Discovering a Piece of History in the Durango Train’s Water Stops

By Margaret Hedderman

 Summer/Fall 2022

Between the summers of 1881 and 1882, employees of the Denver & Rio Grande Western Railroad forged north into the San Juan Mountains, laying 45 miles of tracks and infrastructure along the Animas River. The majority of these men had been brought up from Denver, but before that their origins were as varied as any who colonized the West—immigrants and Civil War veterans among them. Traces of their efforts are still visible today not only in the 3 ft narrow-gauge railroad, but also in the support and supply structures along the way.


According to Jeff Ellingson, the Durango & Silverton Narrow Gauge Railroad (D&SNGRR) Museum curator, the carpenters and engineers who installed the infrastructure along the railroad were known as the “Bridge Gang.” They built section houses, bridges, and water tanks.
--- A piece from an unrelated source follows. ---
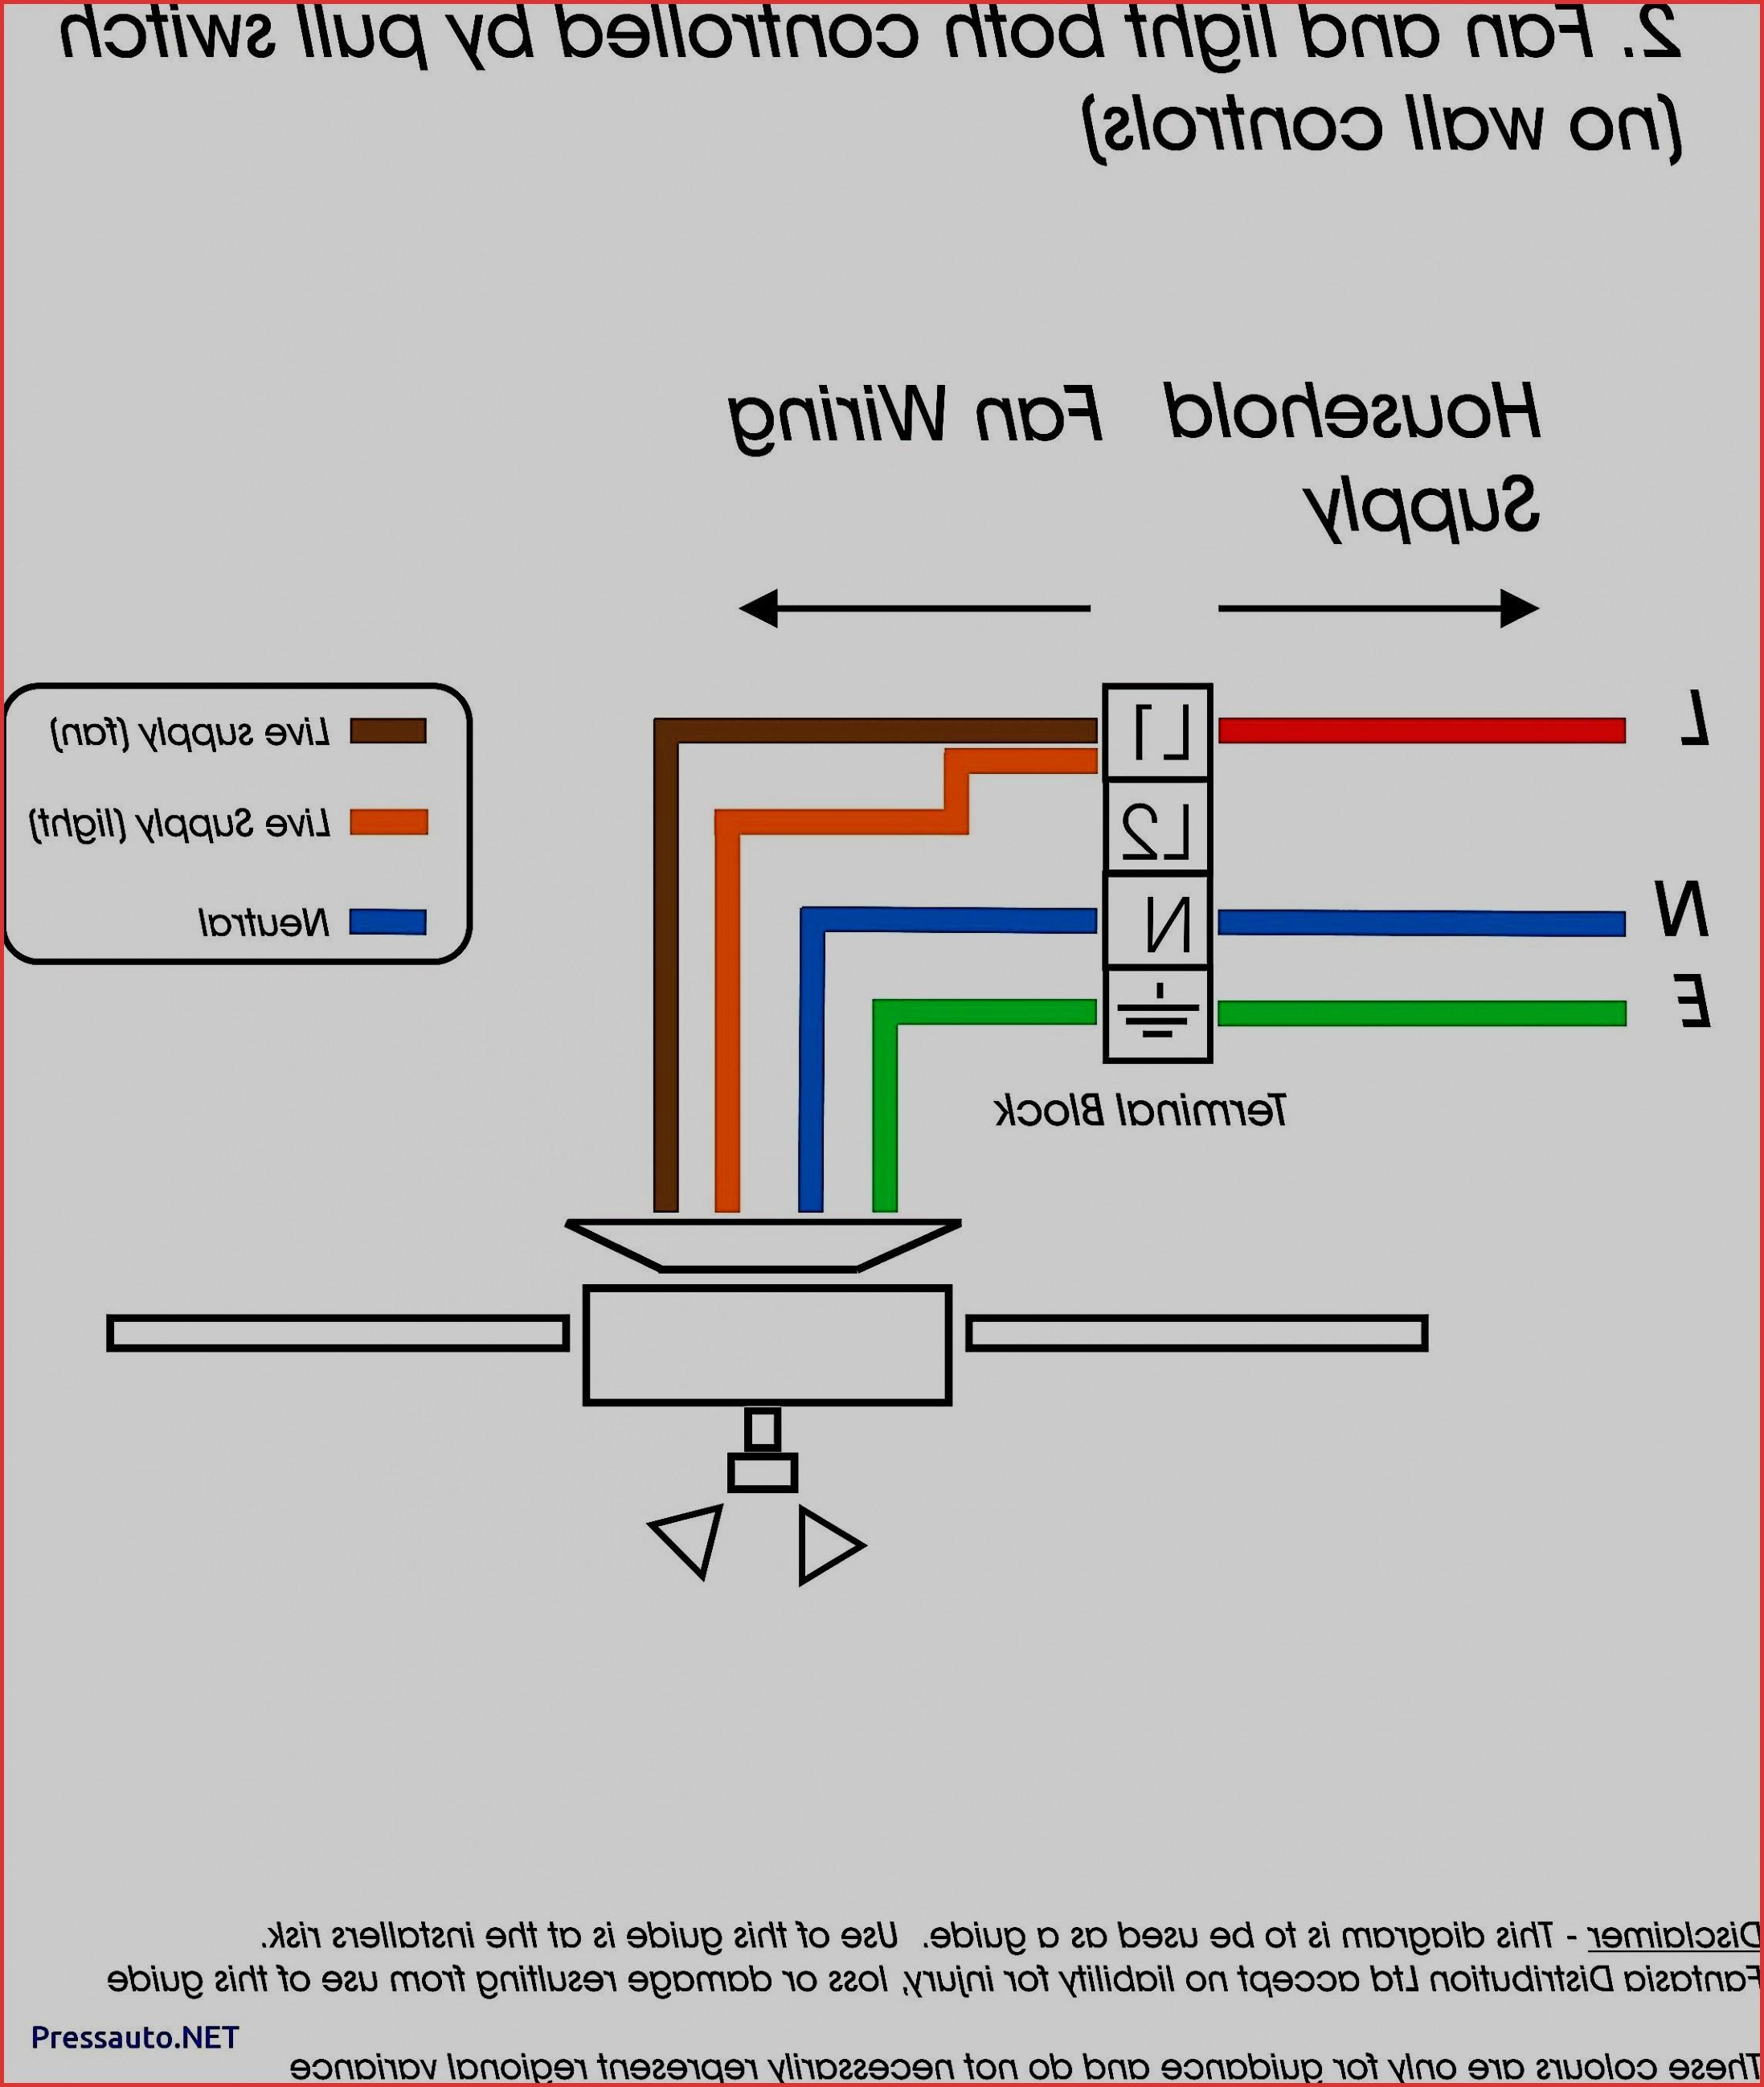 2002 Dodge Ram Radio Wiring Diagram 1998 nissan maxima radio wiring diagram book of power seat

“The guys that laid the rails, they’re maintenance guys—gandy dancers—they were usually kind of separate from the bridge gangs,” Ellingson said.
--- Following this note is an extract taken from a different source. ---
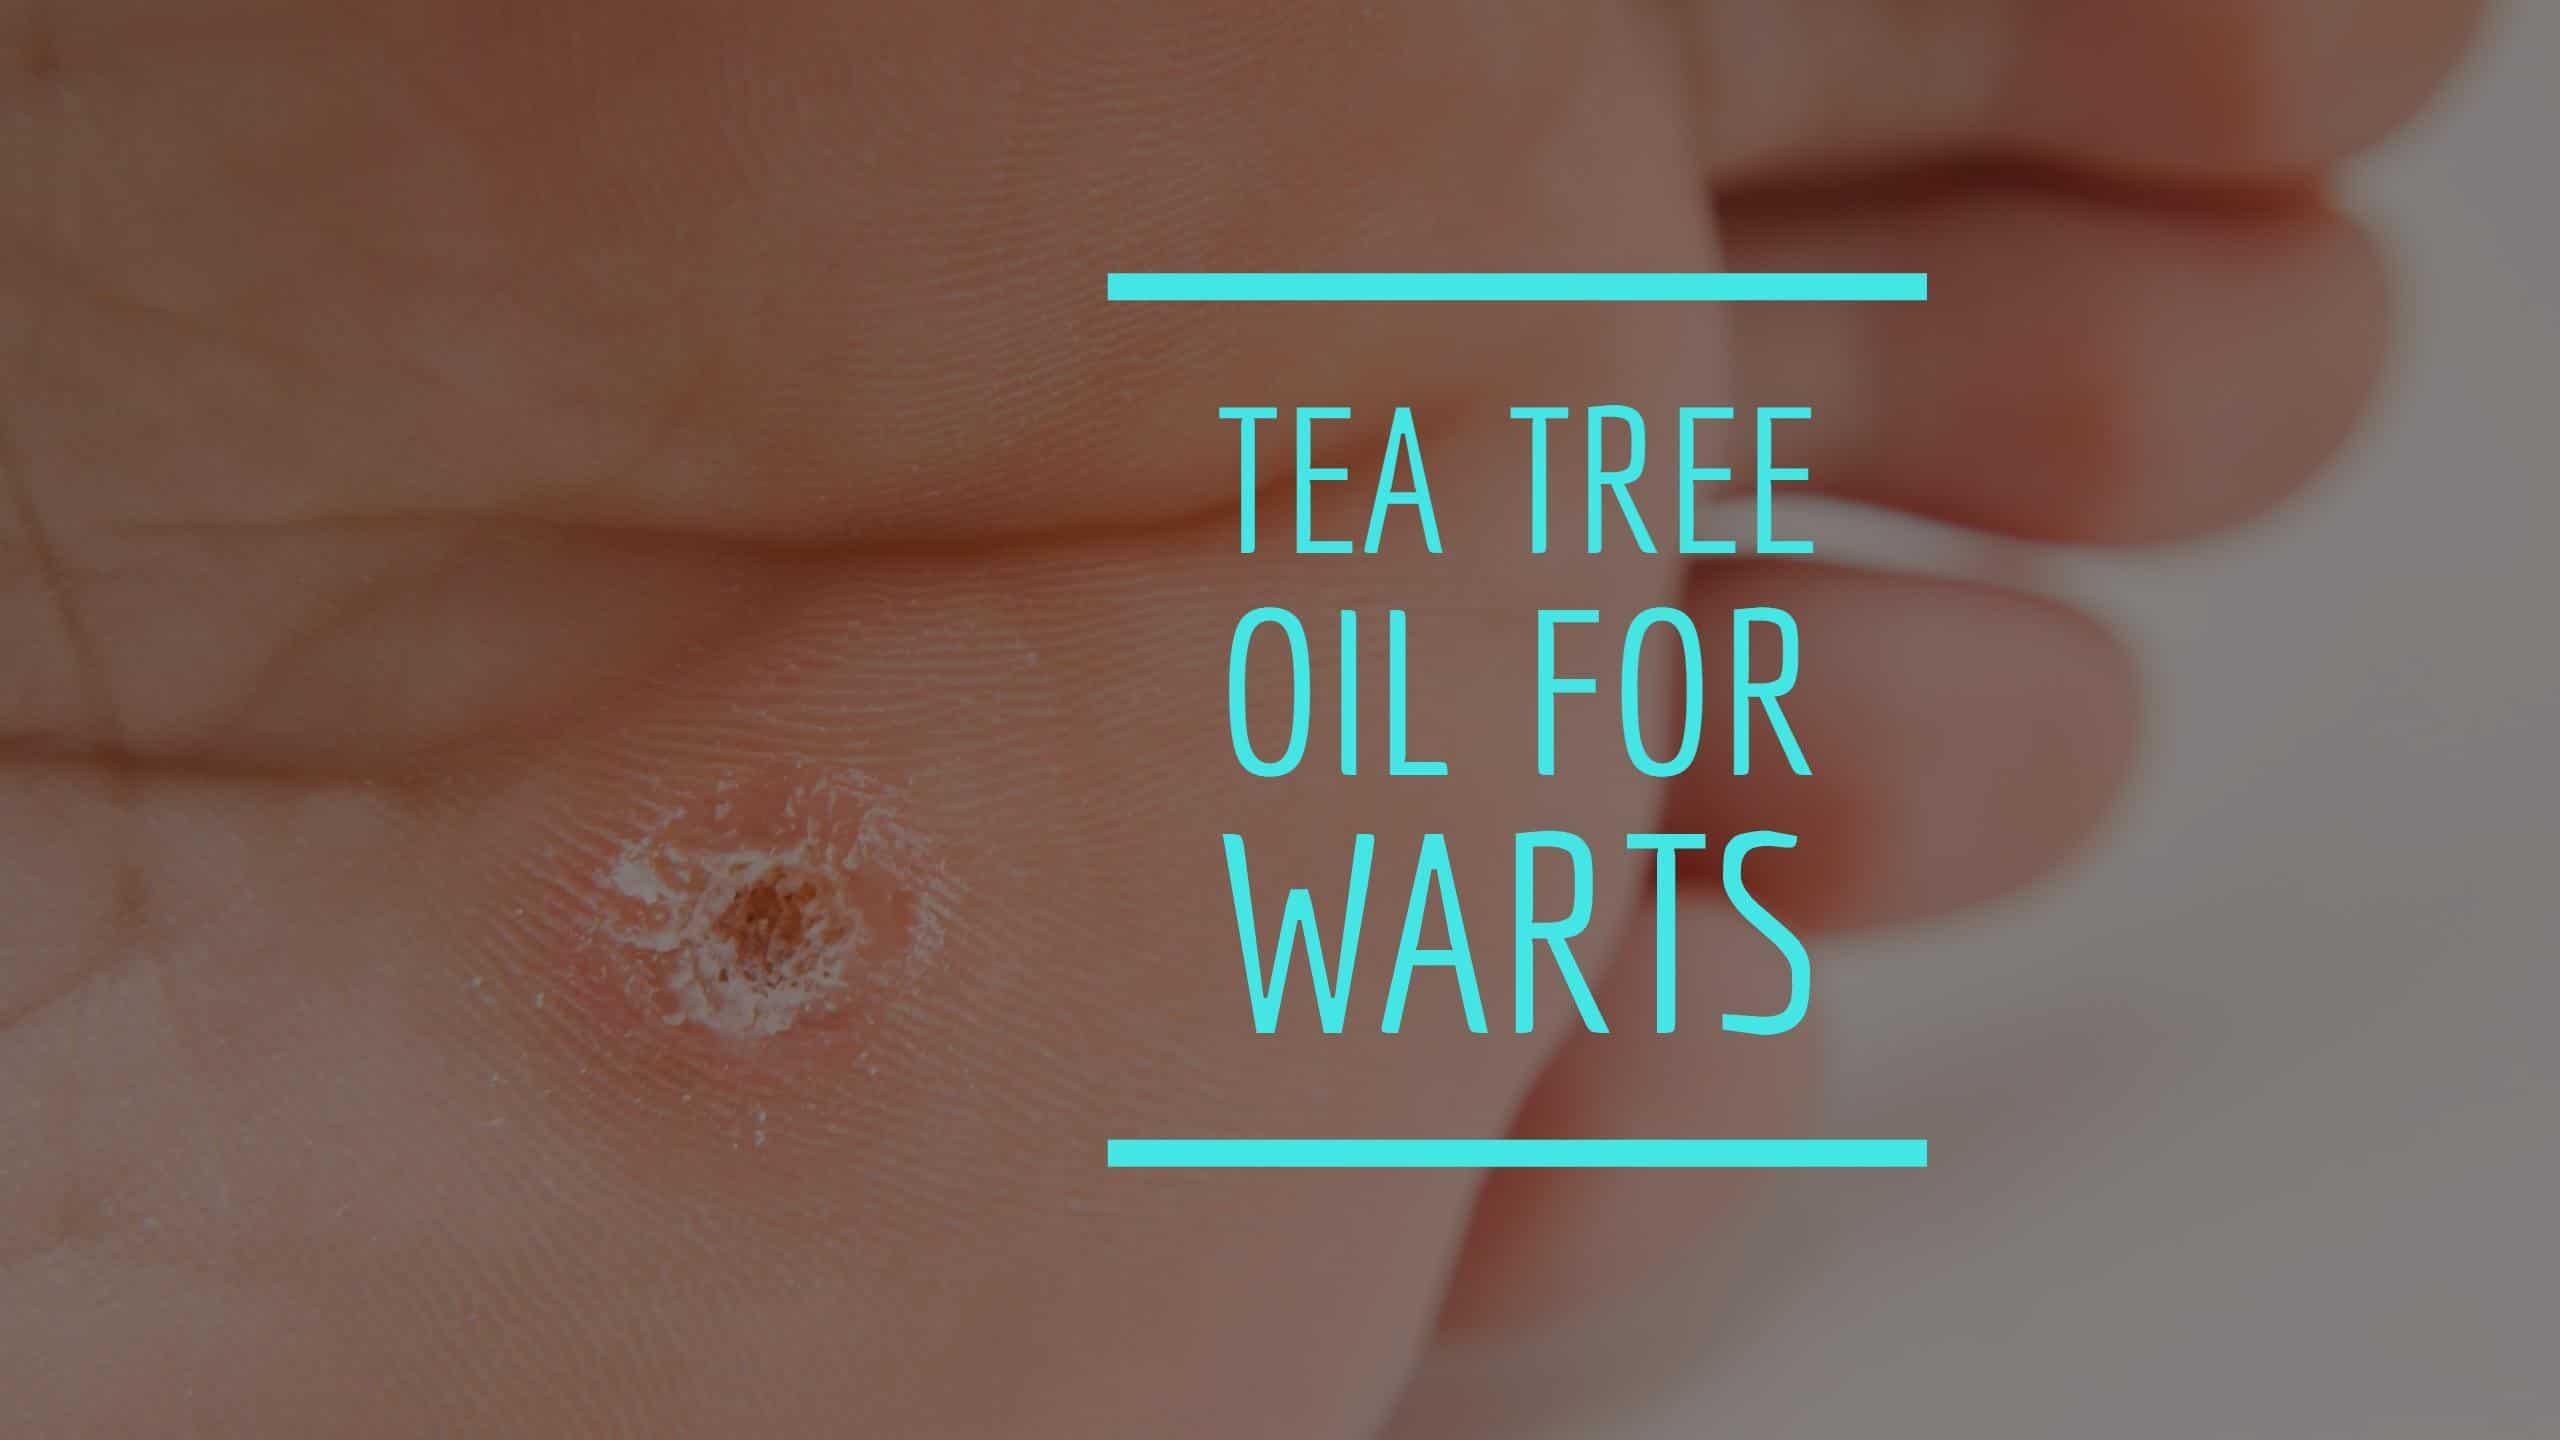 wart treatment tea tree oil

Prior to the 1970s, passengers traveling to and from Silverton on the D&SNGRR would have made numerous stops for water to replenish the steam engine. Early steam engines needed to stop every seven to ten miles. Today, the locomotives are more efficient and the train needs only stop twice – once at Needleton and once at Tank Creek.
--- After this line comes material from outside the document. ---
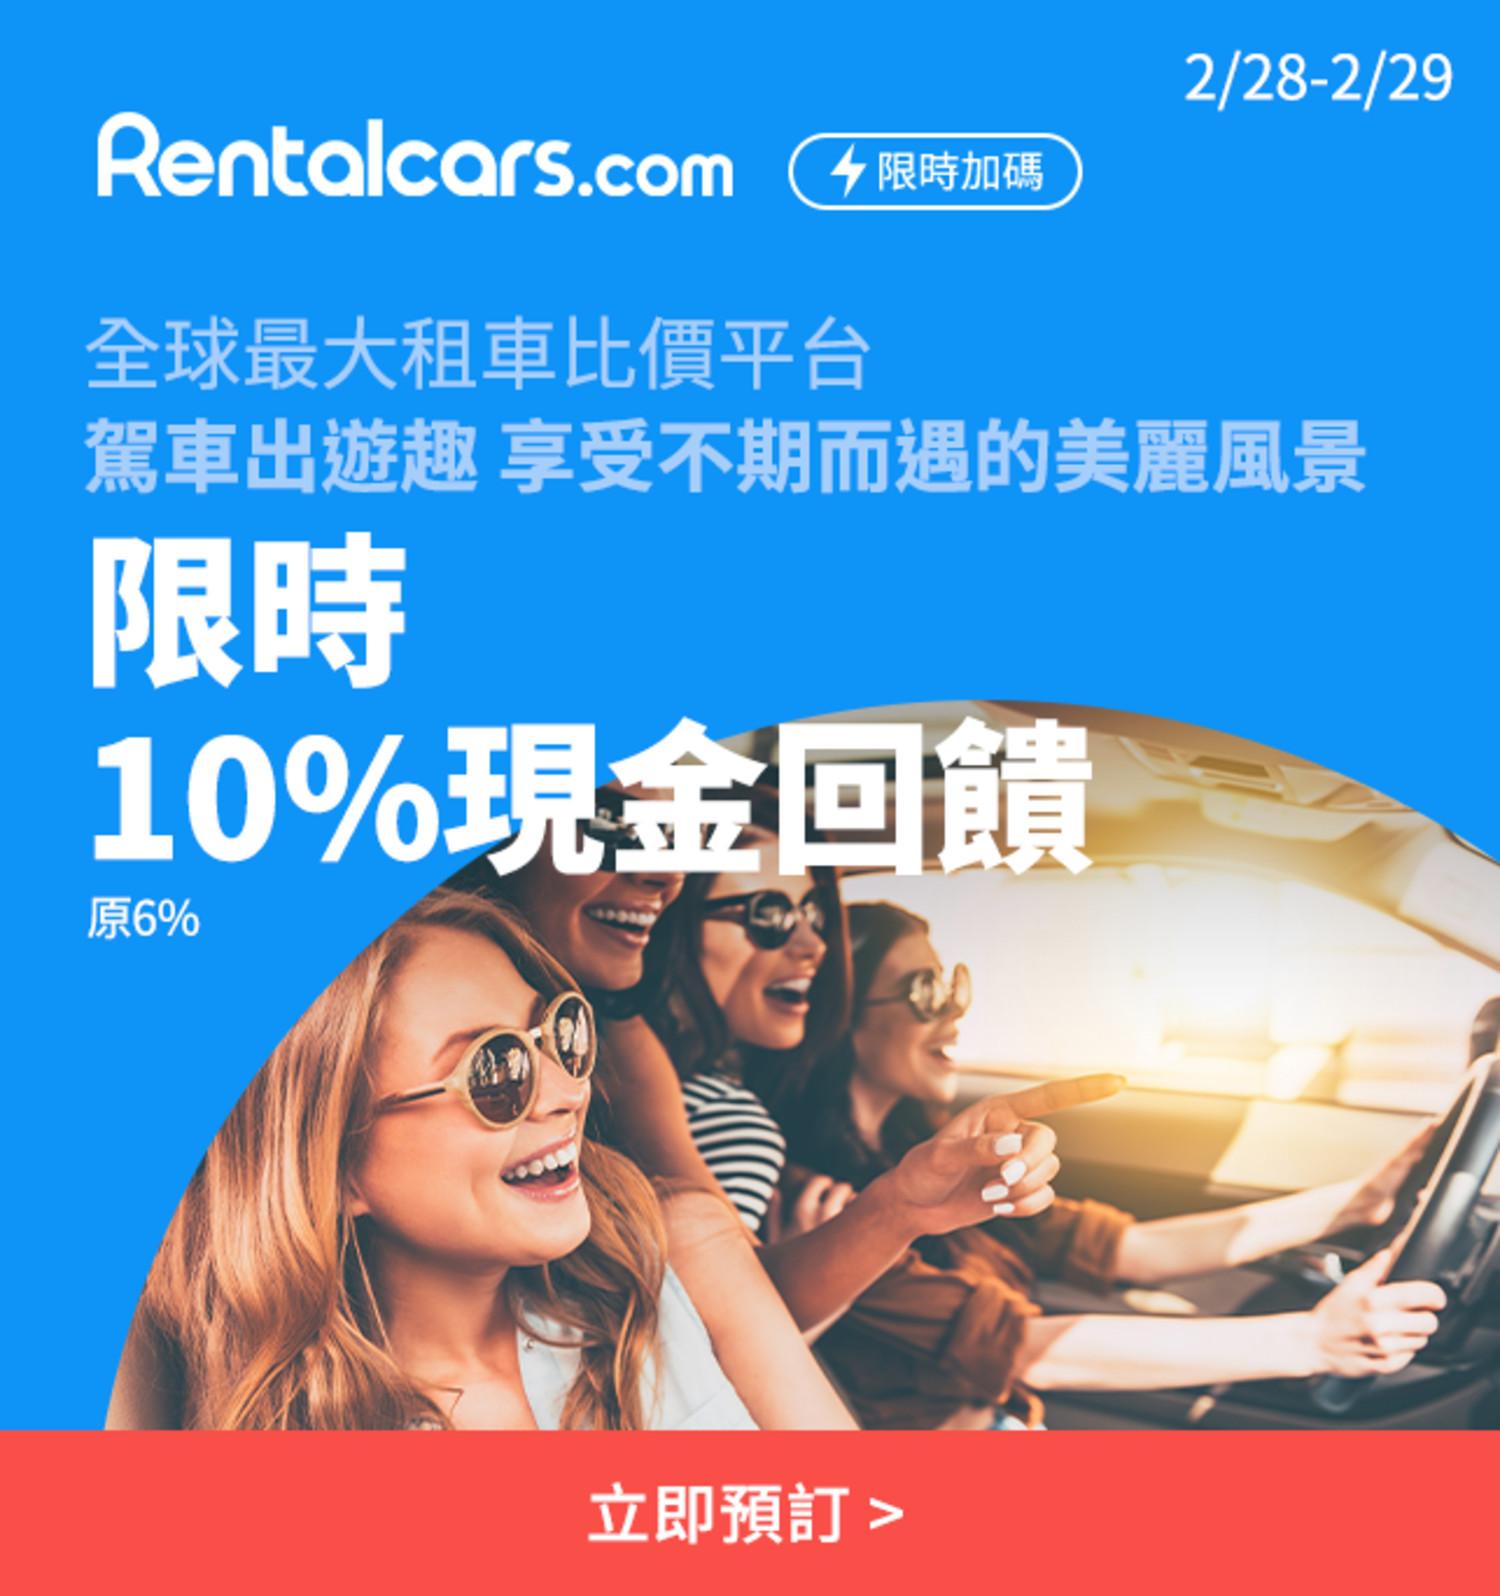 RentalCars加碼 2/28-3/1

“Today when you ride the train, we have a 7,500-gallon steel tank where locomotives get water,” Ellingson said. “Before the 1970s there used to be a 55,000-gallon wooden tank.”


The Tank Creek water stop would have resembled the wooden tank visible from US-550 in Hermosa. Now, when passengers stop at the Tank Creek water stop, they’ll see a large black cylinder perched on a rocky ledge. Water cascades down the pink Baker’s Bridge granite, collecting in little pools where fish will occasionally congregate.  


Ellingson said that Tank Creek typically supplies enough water for the train throughout most of the early summer. When August rolls around, and three to four trains are passing through the mountains a day, railroad employees will pump additional water from the Animas River. There is also a small dam upstream that helps capture water.


“Sometimes beavers get in and we’ve got to unclog stuff;” a typical hazard of the trade, according Ellingson.


Once upon a time, when a steam engine stopped to “get a drink,” it would have presented train robbers a prime opportunity for an ambush. Today, however, railroad passengers can sit back, relax, and take their own drink of mountain air.